→ **What you have to do**
Will you write out, word for word, every line from the one with "Coronel Peard & Garibaldi 19th century" to the final line of the data below, with the pictures left out?

Stored items from a collection
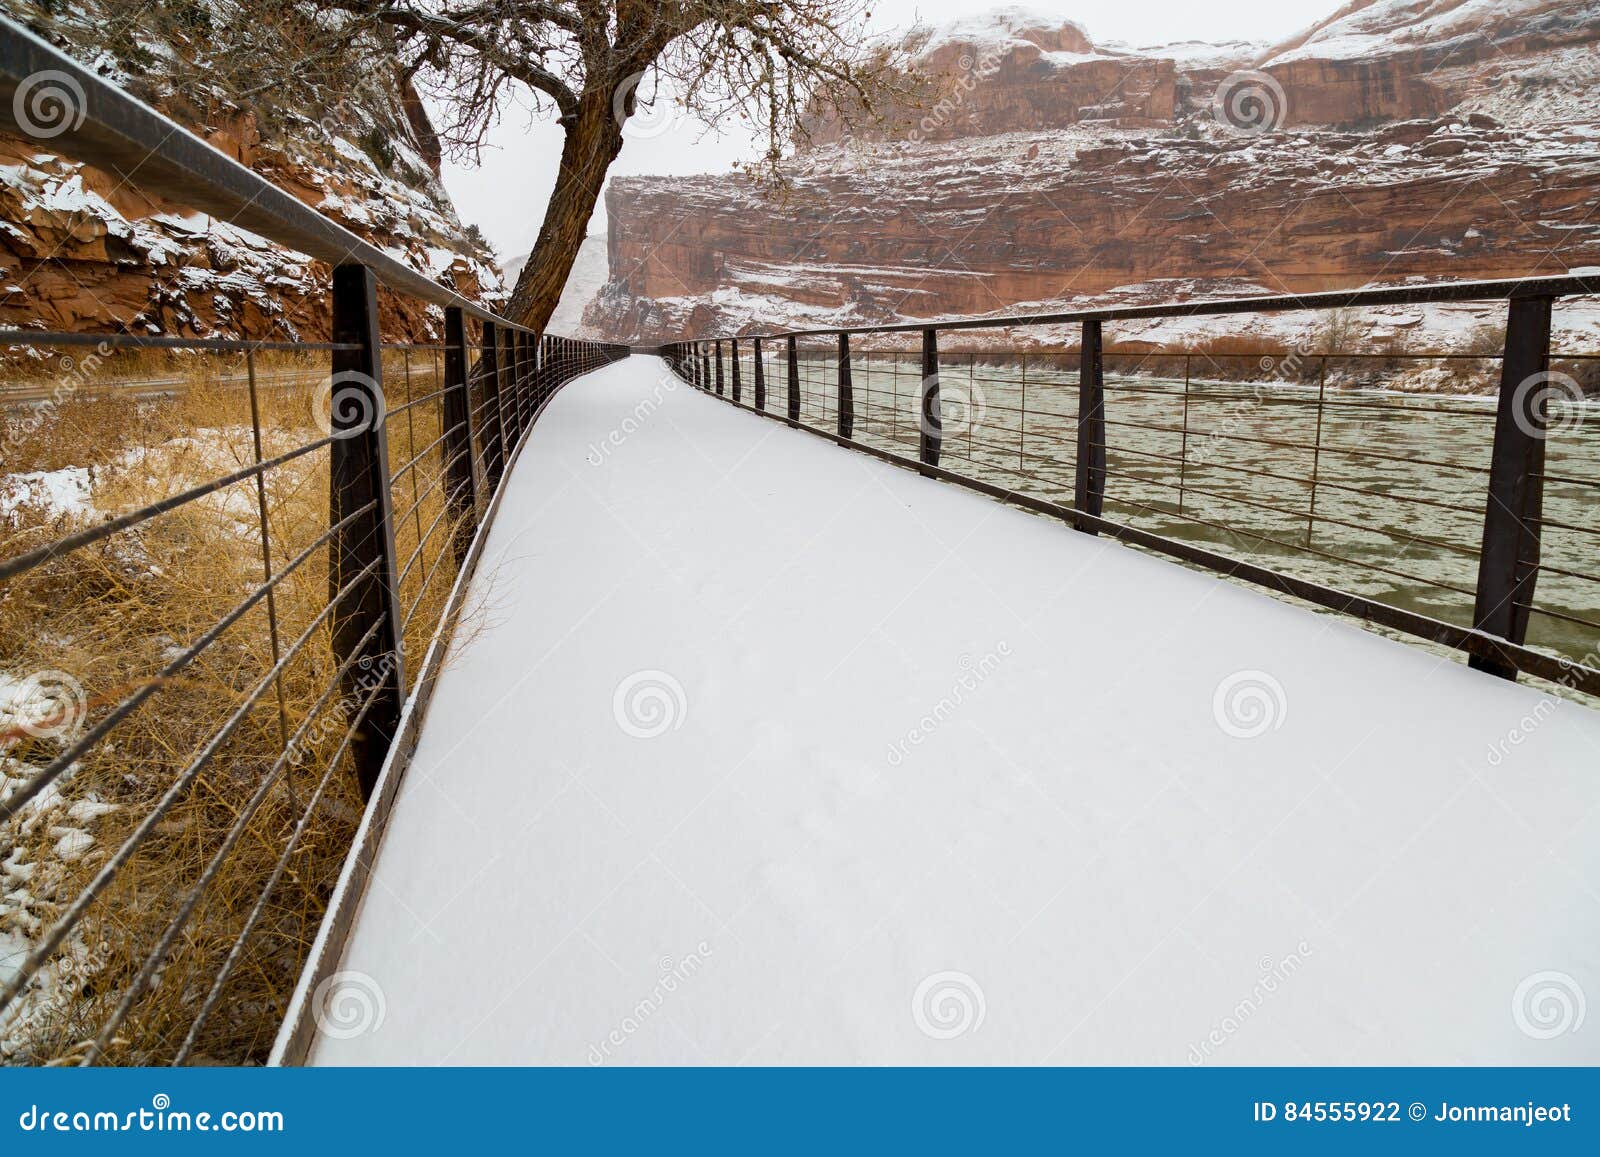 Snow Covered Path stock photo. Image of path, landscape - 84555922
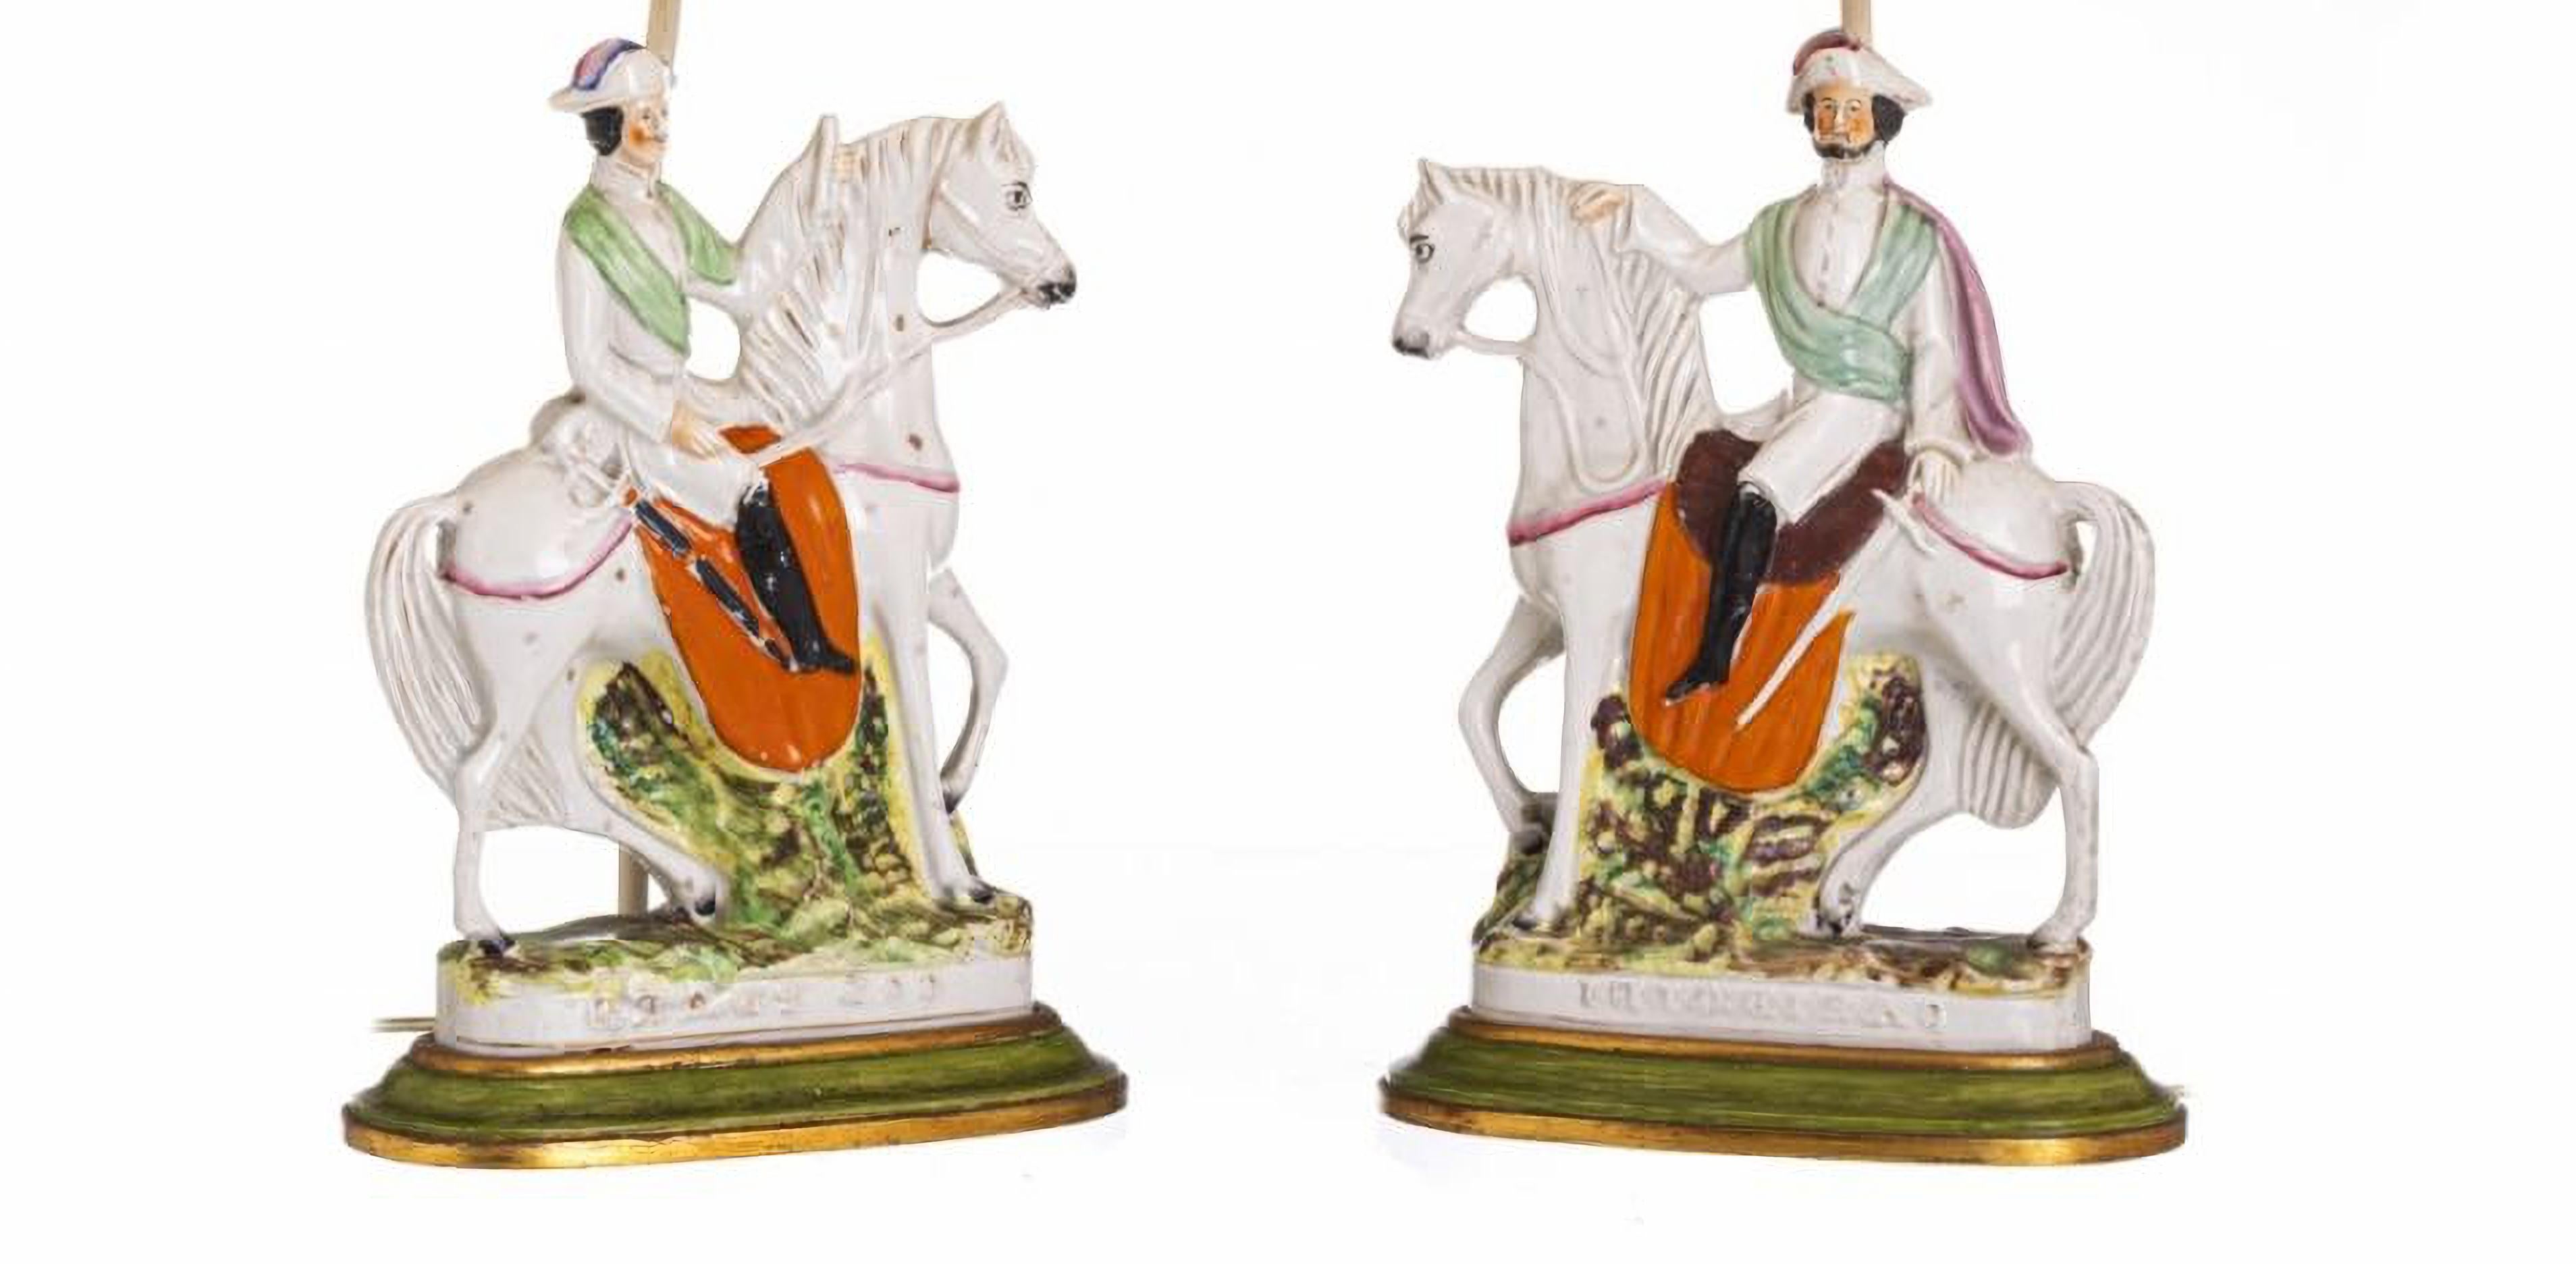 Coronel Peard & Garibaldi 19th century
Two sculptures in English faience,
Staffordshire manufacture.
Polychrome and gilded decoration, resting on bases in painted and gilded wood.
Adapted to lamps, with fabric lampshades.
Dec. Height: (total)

→ **Response to this task**
 Coronel Peard & Garibaldi 19th century
Two sculptures in English faience,
Staffordshire manufacture.
Polychrome and gilded decoration, resting on bases in painted and gilded wood.
Adapted to lamps, with fabric lampshades.
Dec. Height: (total)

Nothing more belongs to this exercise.